It’s a fantastic morning when I leave Ventosa, with clear blue skies and brilliant sunshine, and there is the moon still lingering in the sky. I’m the last one out of the door just before eight o’clock.


The typical morning pilgrim shadow, where each pebble is magnified by the low-lying sun.

Leaving Ventosa behind, I stop and look back.


Suddenly the path changes character and looks more like the bottom of a riverbed than a path made for walking. But yes, the yellow arrow is there. Can you spot it?

Here I catch up with Kristine and Rachel. Poor Kristine must have been battling with this awful, stony stretch for quite some time. The children Amalia and Ava walk when the path gets challenging, in fact Amalia walks a lot and even pushes the cart herself. We spend some time walking together into the next town Nájera.


The cliffs made of the rich, red clay soil of La Rioja, acts as a backdrop to the old part of Nájera and the river Río Nájerilla runs right through the town.
Rachel and I stop at a café on the riverbank for breakfast, but Kristine presses on, as she wants to get to her destination before it gets too hot.

Here Rachel walks ahead through this very characteristic landscape. It’s going to be a long day for her, but she is well protected against the sun.
I pass a little stone hut that looks like a giant beehive, called Poyo Roldán. Roland was in Charlemagne’s army and legend has it that he confronted and killed a giant named Farragut – a Saracen warrior said to be 9 feet tall and supposedly a direct descendant of the biblical Goliath.


This is my destination for today, the small village of Azofra. This village basically has two restaurants and a small shop that has the most basic food and household items. I’m staying in a small but very nice pension where I have my own room.

I start with the usual washing of clothes. But since there’s no place outside to hang them to dry here, I decide to try a walking pole hack I saw in a Facebook group. It works pretty well, at least until the next day, when it turns out the walking pole never quite recovers and eventually breaks completely…
After this I decide to go to the restaurant closest to me. I ravenous as usual and want to have the menu del día, and I’m directed to an interior part of the restaurant that is dimmed down and looks completely empty. Not so much fun I think and ask if I can’t sit here where the bar is, or outside at the tables there? No, this apparently doesn’t work at all. So inside I go, and it turns out that it isn’t completely empty. A man is sitting quietly in the corner eating his dinner, and I take the table beside him. We start talking and I’m about to hear about the journey of this amazing pilgrim.

His name is Sebastián and he’s a frenchman from the north east of France, and he has been walking on his pilgrimage since he stepped out of his front door.

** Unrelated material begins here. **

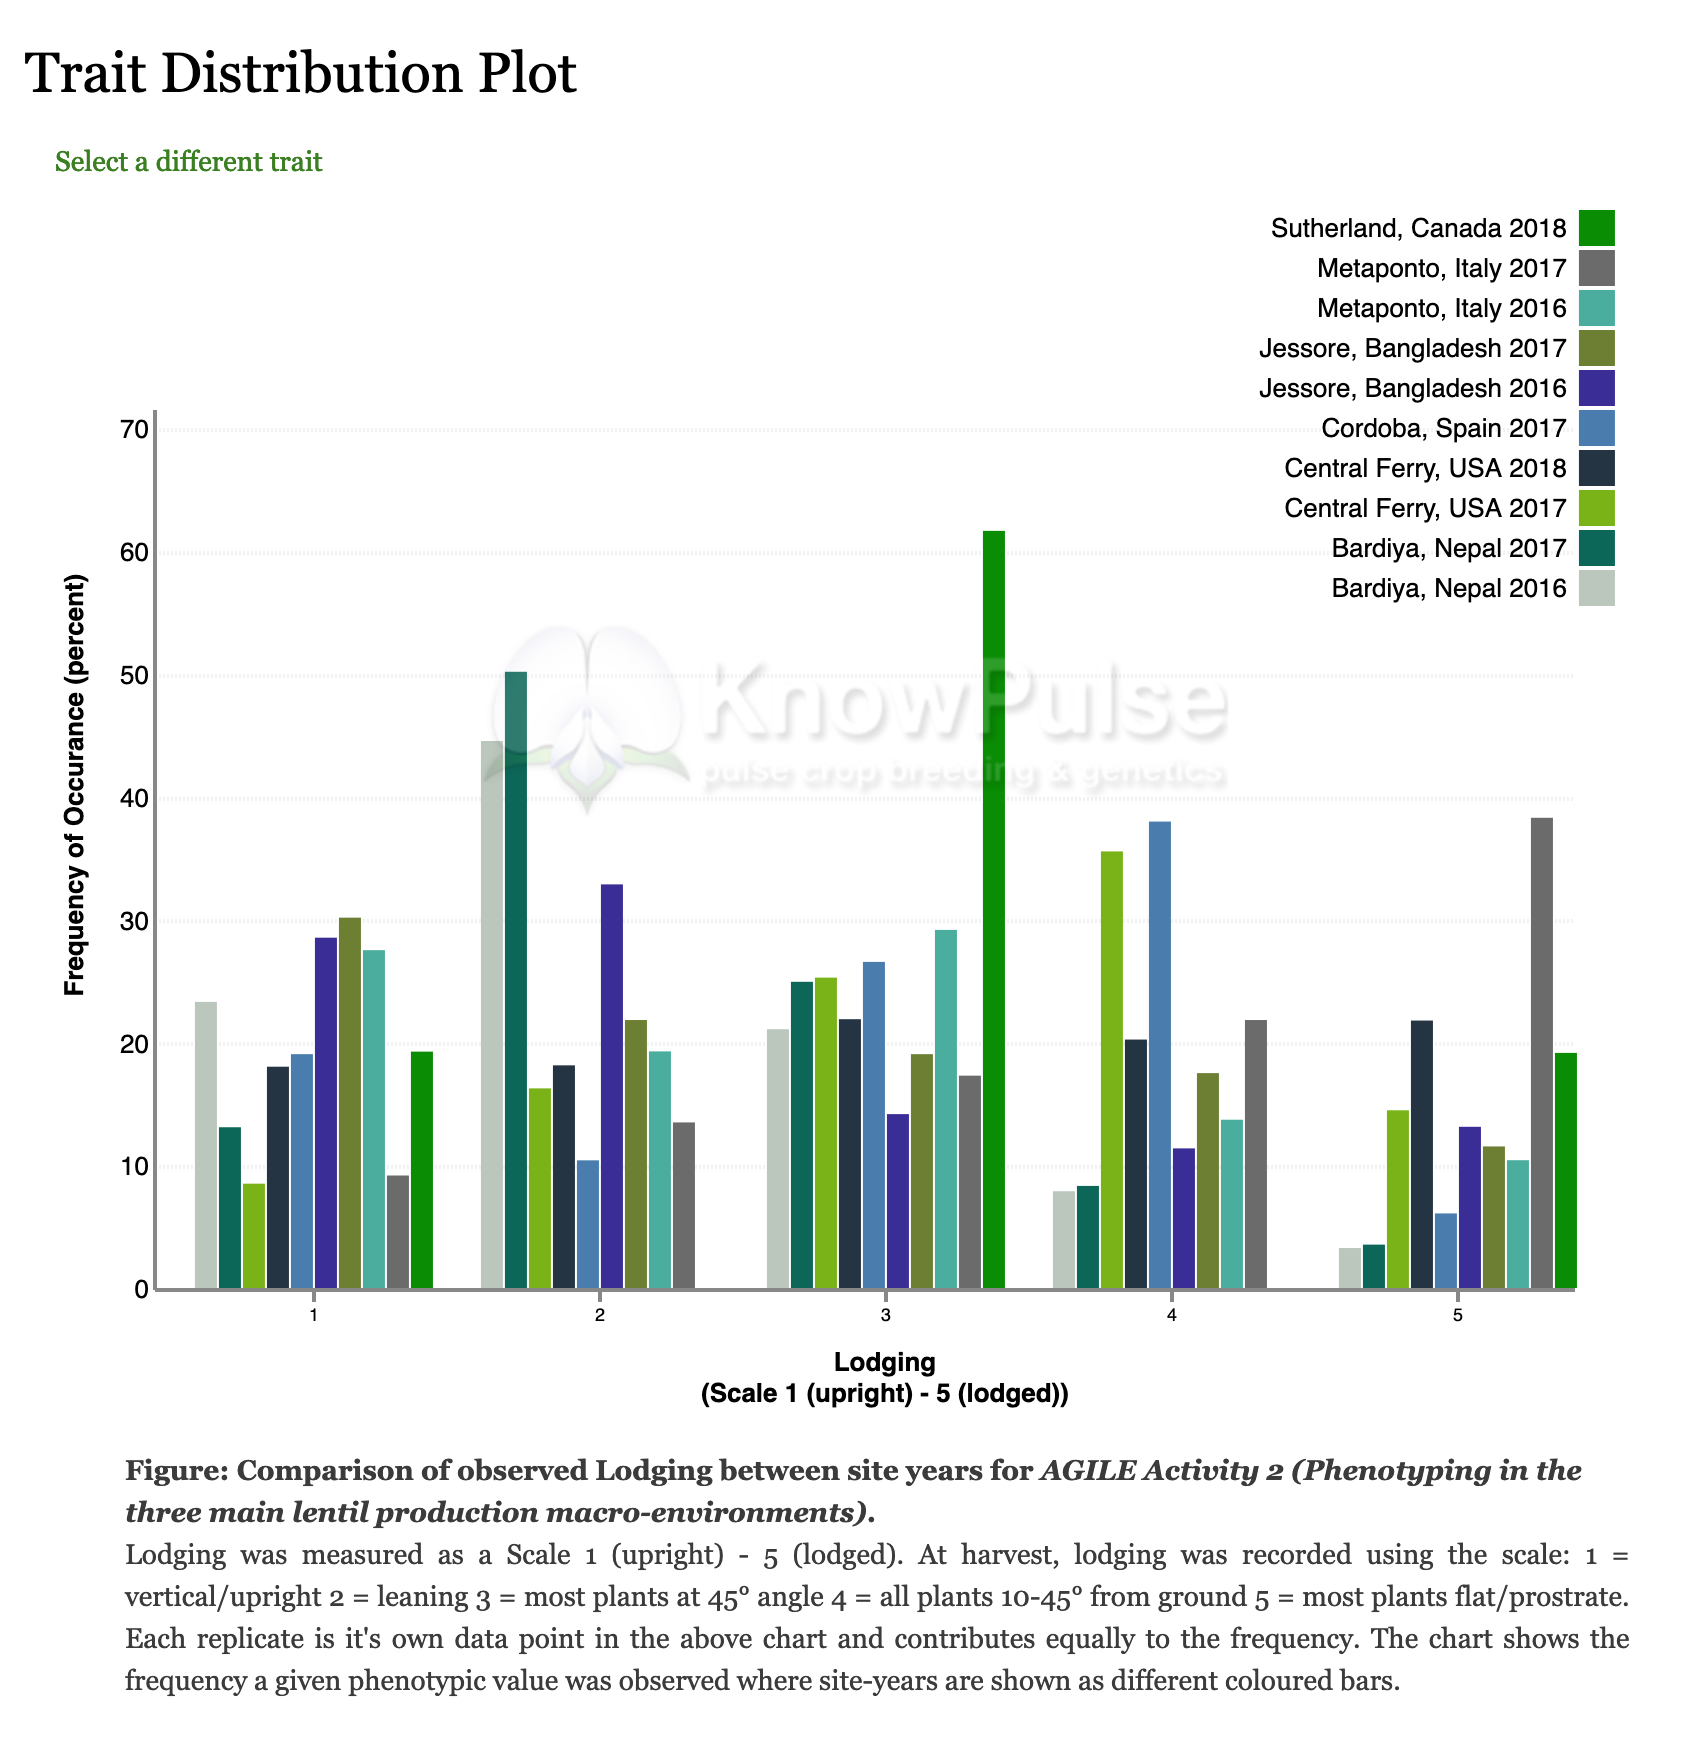 ../_images/visualize.3.trait-distribution-plot.png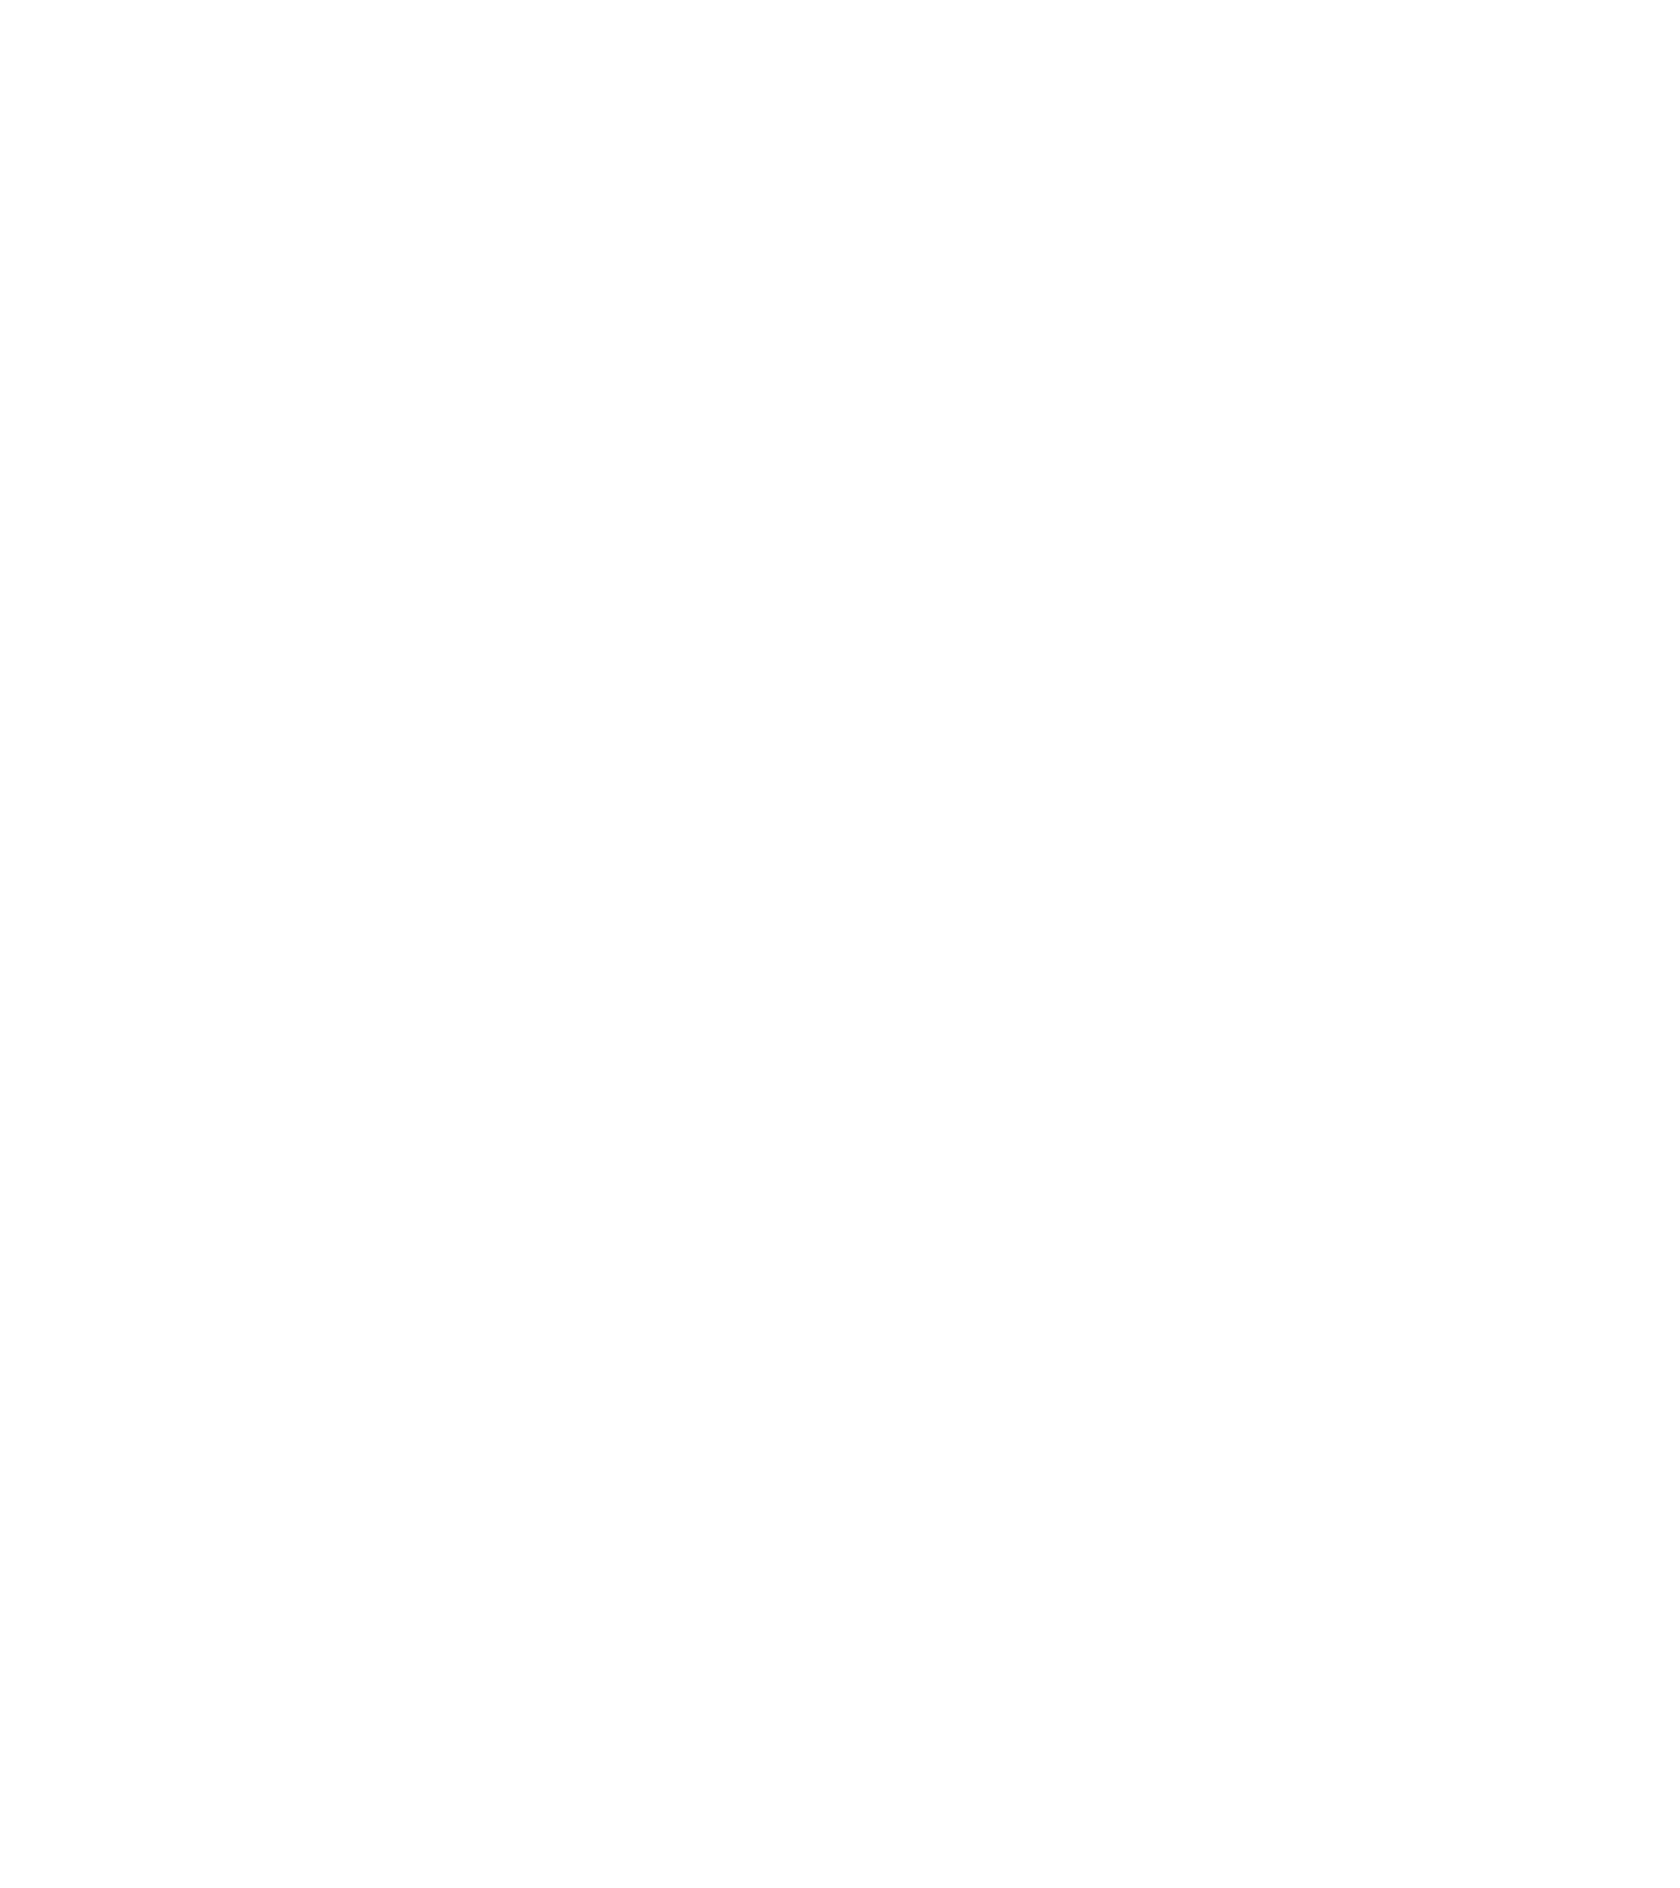 Лот №22: Картина «Зимние ели». Оргалит, масло, 30х35 см (с рамой 40х54), 2000 г. (автор: Сляднев А.). Начальная цена: 30 000 руб.

He has hiked three of the four trails in France before crossing the Pyrenees. And this is not the usual crossing of the Pyrenees that everyone else does, we are talking about. He showed me his photos he has on his mobile, which he has been loading while we are eating. No, he crossed the mountains where it’s over 2400 meters, where the snow still lay and where there are small lakes. Even more astonishing is that he sleeps outside, without even a tent! When he crossed the Pyrenees he didn’t eat for two days, he tells me. Up until now he has walked 18000 km!
What for a moment ago looked like a boring dinner in an empty restaurant has suddenly turned into an unprecedented storytelling event and I am spellbound!
He tells me that he walks around 30 km per day and he has calculated that it will take him three months in total to get to Finisterre, which is his end point. He already thinks it’s too long, because it turns out he has a wife and four kids at home and he misses them.
The Pyrenees was by far the highlight of his journey. He is not too impressed by Spain I gather because as he says; I already have vineyards aplenty back home in France.
I suspect he doesn’t talk to many others, because he doesn’t take part in the pilgrim community at the usual meeting places in the albergues. He walks alone, eats his lunch in some village or town, walks some more, takes his dinner in another village or town, and then walks every day until 10 p.m. when he is out in the countryside again. If so it’s a pity, because others are missing out on the opportunity to meet this very likeable and soft-spoken man and share in his incredible adventures.
Sebastián is of course my highlight today, and has left a lasting impression on me. I am humbled and grateful to have met such an extraordinary pilgrim!
It’s time to say goodbye to Sebastián and head back to my pension. It’s raining heavily at night and I can’t help but think about him and sincerely hope he found some kind of roof over his head. Tomorrow Santo Domingo de la Calzada awaits.